• Requirement
Within the entries below, please return exactly the lines from the one with "Cover of early" through the one with "HTC One M8 Android 5.0 Lollipop update", leaving out any pictures.

• Records for this task

>>>

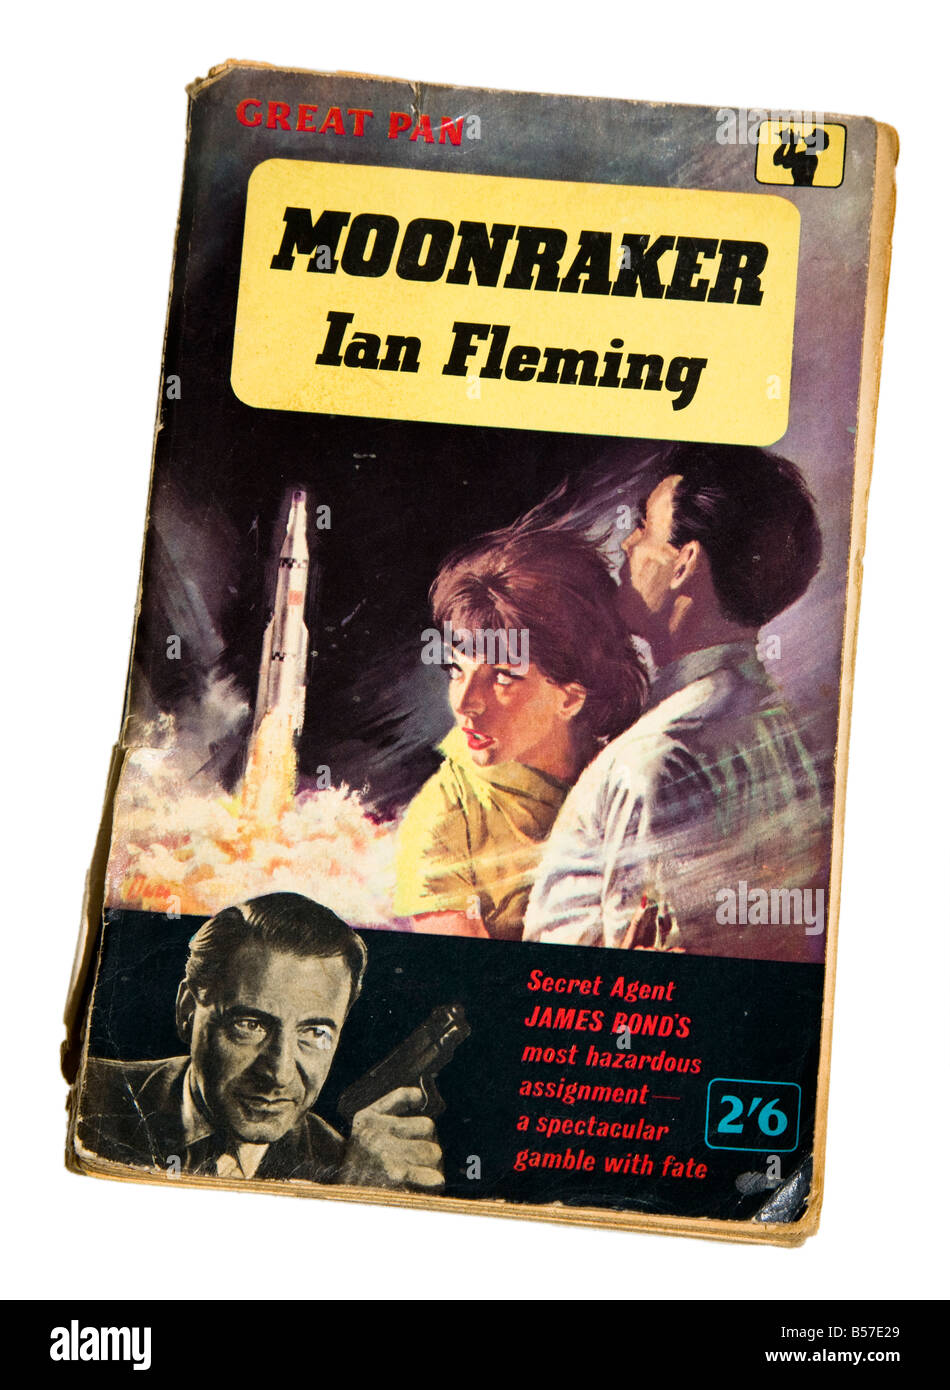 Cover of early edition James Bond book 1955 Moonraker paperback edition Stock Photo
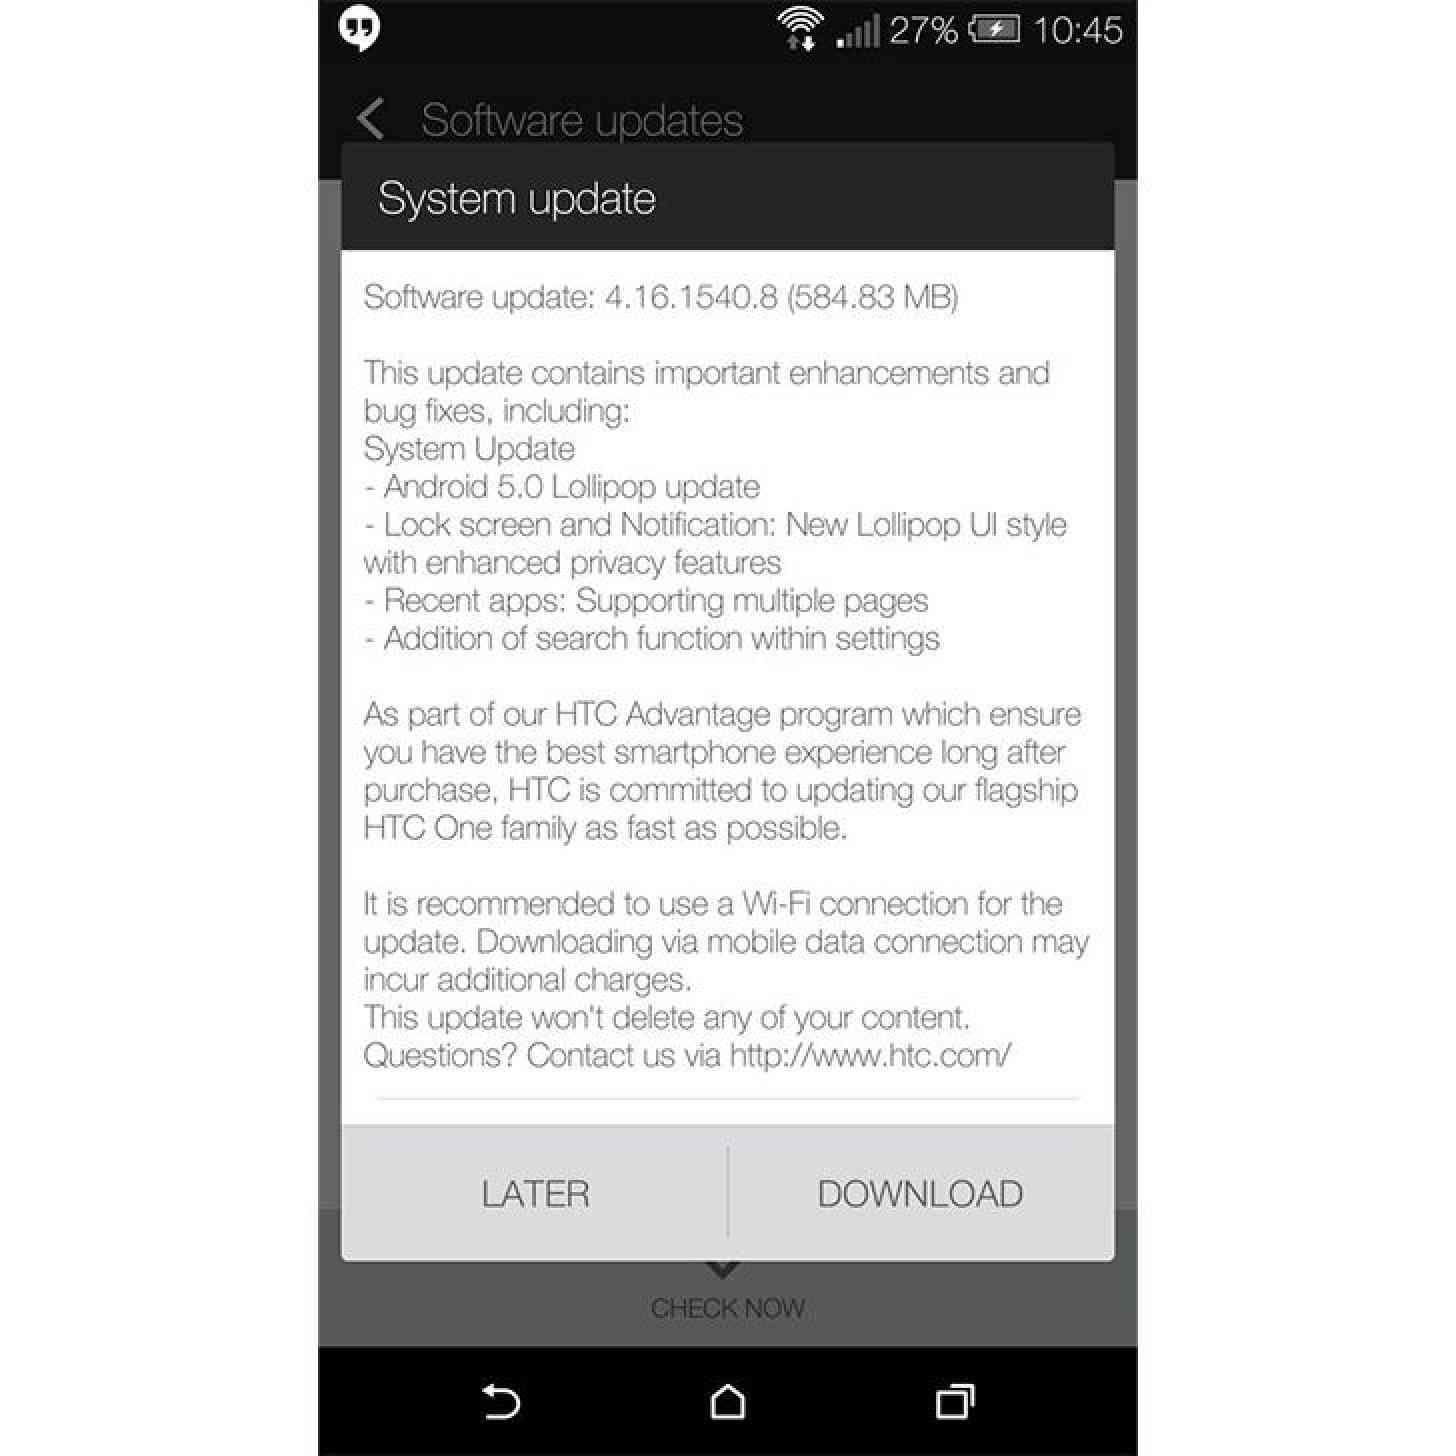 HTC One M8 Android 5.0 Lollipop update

<<<
>>>

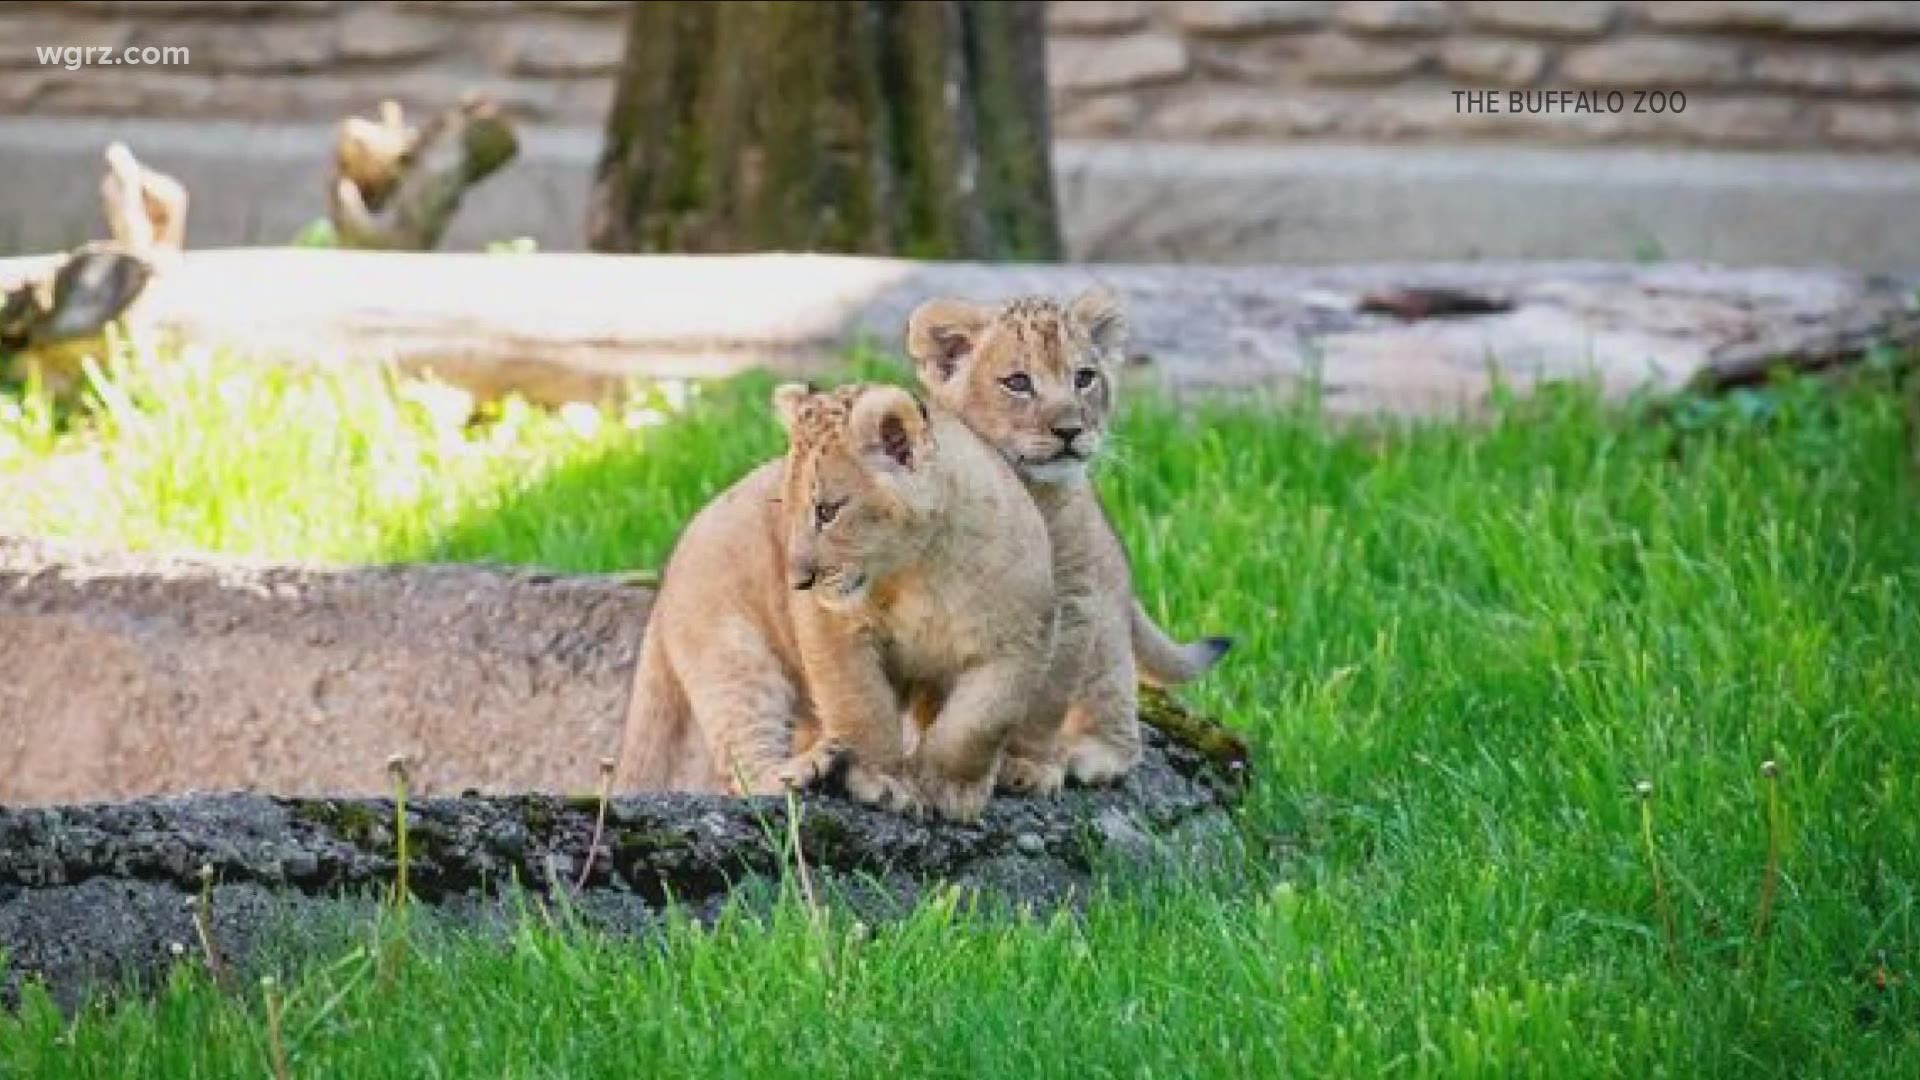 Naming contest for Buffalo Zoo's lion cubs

<<<

• Reply
 Cover of early edition James Bond book 1955 Moonraker paperback edition Stock Photo
 HTC One M8 Android 5.0 Lollipop update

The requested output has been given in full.